Bianconi è semplicemente uno che ha preferito dire pubblicamente le cose dette in privato da tutti gli altri. Conversazioni piuttosto surreali in cui i pretendenti leader del centrodestra piangono sull’indecisionismo del capo supremo e, sinché lui non decide, loro non si decidono: «Parlerò più avanti». Ecco: si raccolgono chilogrammi di informazioni informali sulle fattucchiere del cerchio magico, sull’arrivo inconsistente di Giovanni Toti (a voi l’ultima di un ex ministro: «È un’altra Maria Rosaria Rossi, ma maschio»), sullo spossante andirivieni attorno alla candidature dei figli, all’uso del nome Berlusconi nel simbolo, all’ossessiva speranza riposta nell’arma segreta hitleriana, cioè un salvifico intervento europeo che restituirà all’ex Cav la pulizia della fedina penale e i diritti politici.
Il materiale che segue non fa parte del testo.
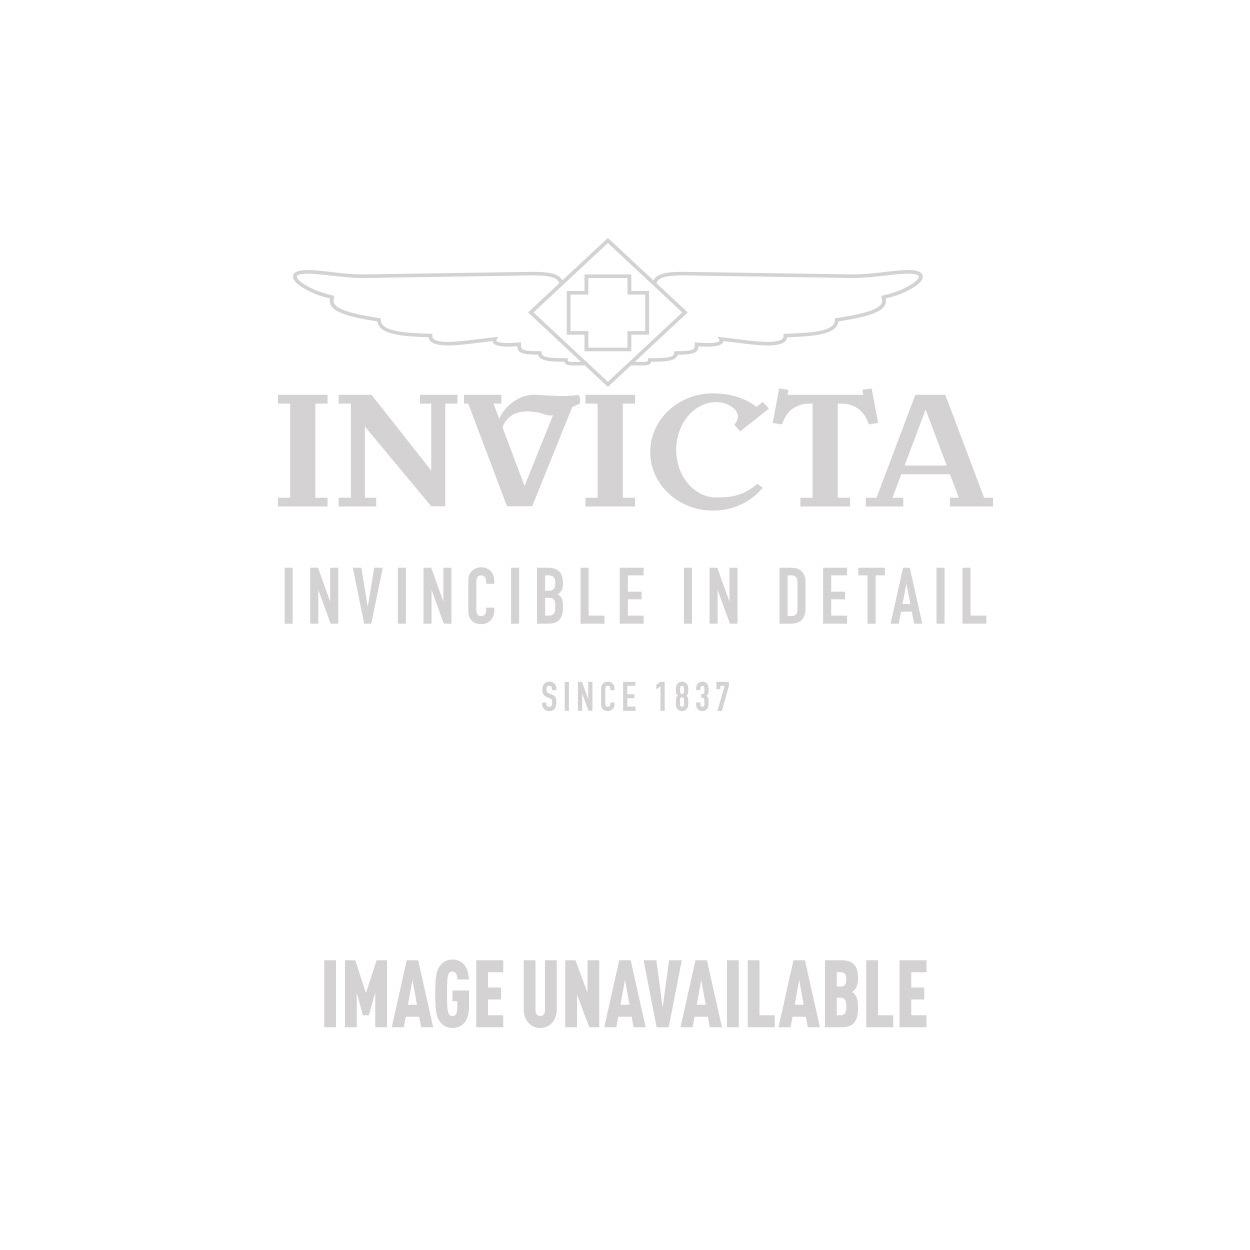 Invicta Model 22781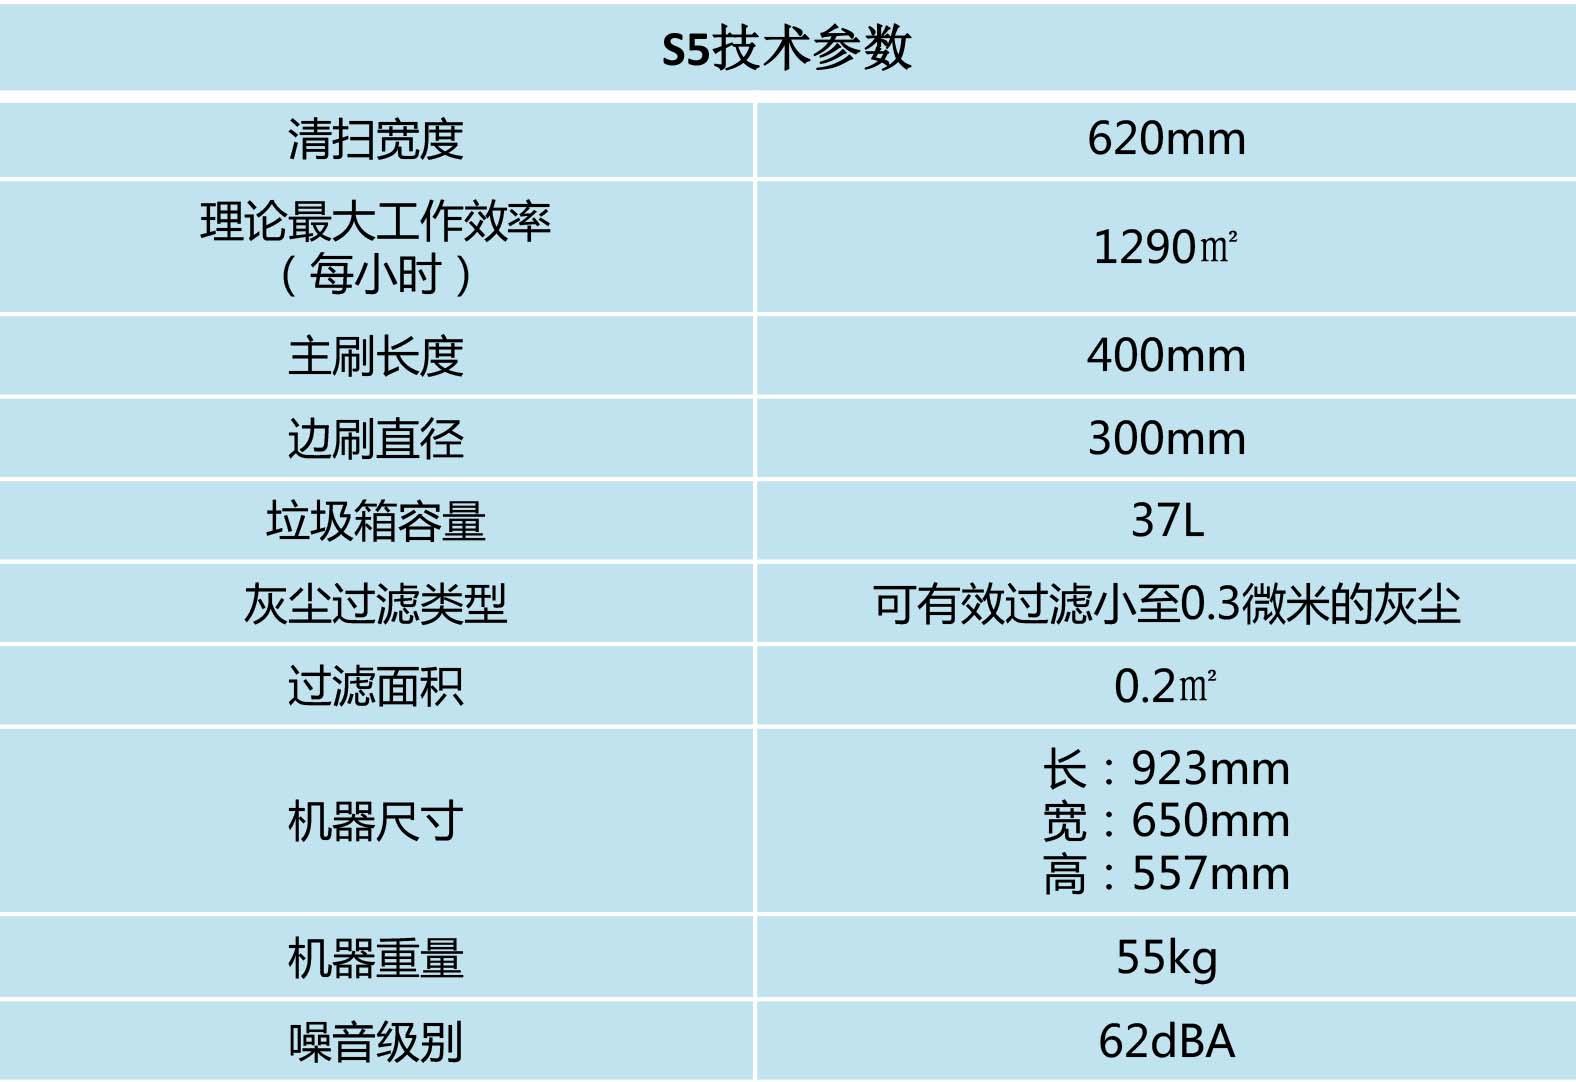 坦能S5手推式扫地机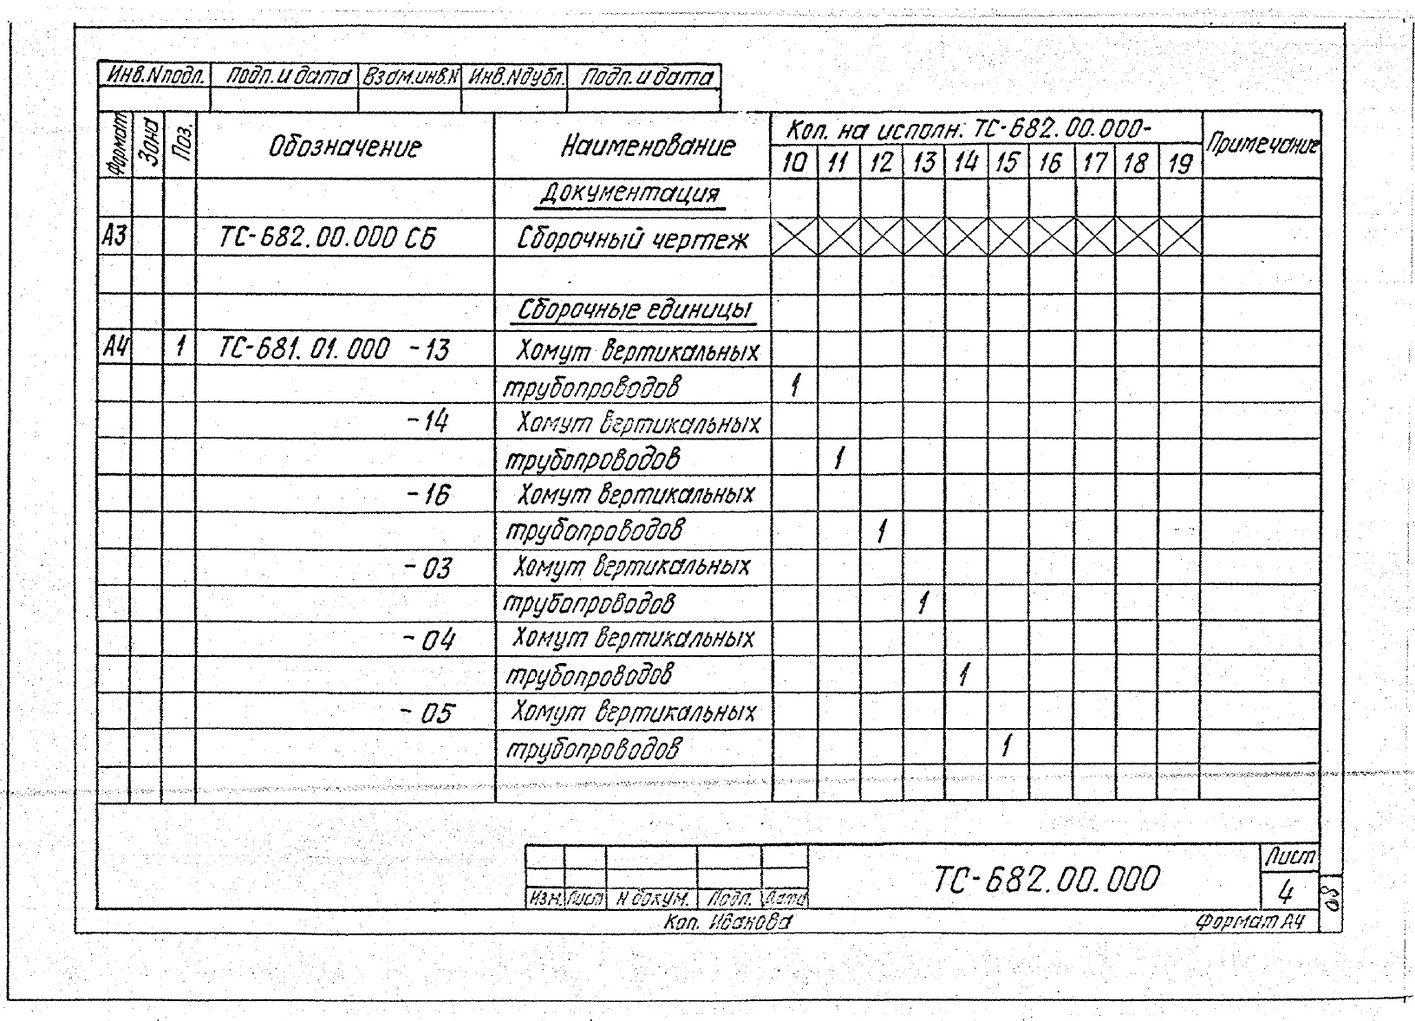 Подвески жесткие для вертикальных трубопроводов Дн 57-630 мм ТС-682.00.000 СБ серия 5.903-13 выпуск 6-95 стр.6

Quando invece l’orizzonte più vicino è quello della detenzione domiciliare o forse dell’affidamento ai servizi sociali, mentre il partito diventerà una terra da scorrerie. Ci si aggrappa a Bianconi come a una zattera, qualcosa che finalmente galleggia sopra un mare di sussurri: «Un capo è un capo anche perché è tempestivo, lucido, preveggente, che sa scegliere quando gli altri sono invece incerti e confusi. Per porre fine a questa umiliante dissoluzione e a questa cascata di chiacchiere e pettegolezzi, dica Berlusconi che cosa intende fare». Il problema è che non è in grado di farlo, perché non lo sa neanche lui. Non sa come avvicinarsi alle Europee. Non sa che partito costruire. Non sa a chi metterlo in mano. Figuriamoci: non sa nemmeno se in Parlamento fa parte della maggioranza o della minoranza, visto che è all’opposizione del governo di Matteo Renzi ma non è può farlo cadere perché, insieme con Matteo Renzi, ha un patto esplicito per portare a casa la legge elettorale e le riforme istituzionali. Non sa niente di tutto questo, semplicemente perché non sa che domani lo aspetti, se sarà mai più un leader saldo, o invece un leader dimezzato, o addirittura un leader ai ceppi. Ed è prigioniero: dei suoi spettri.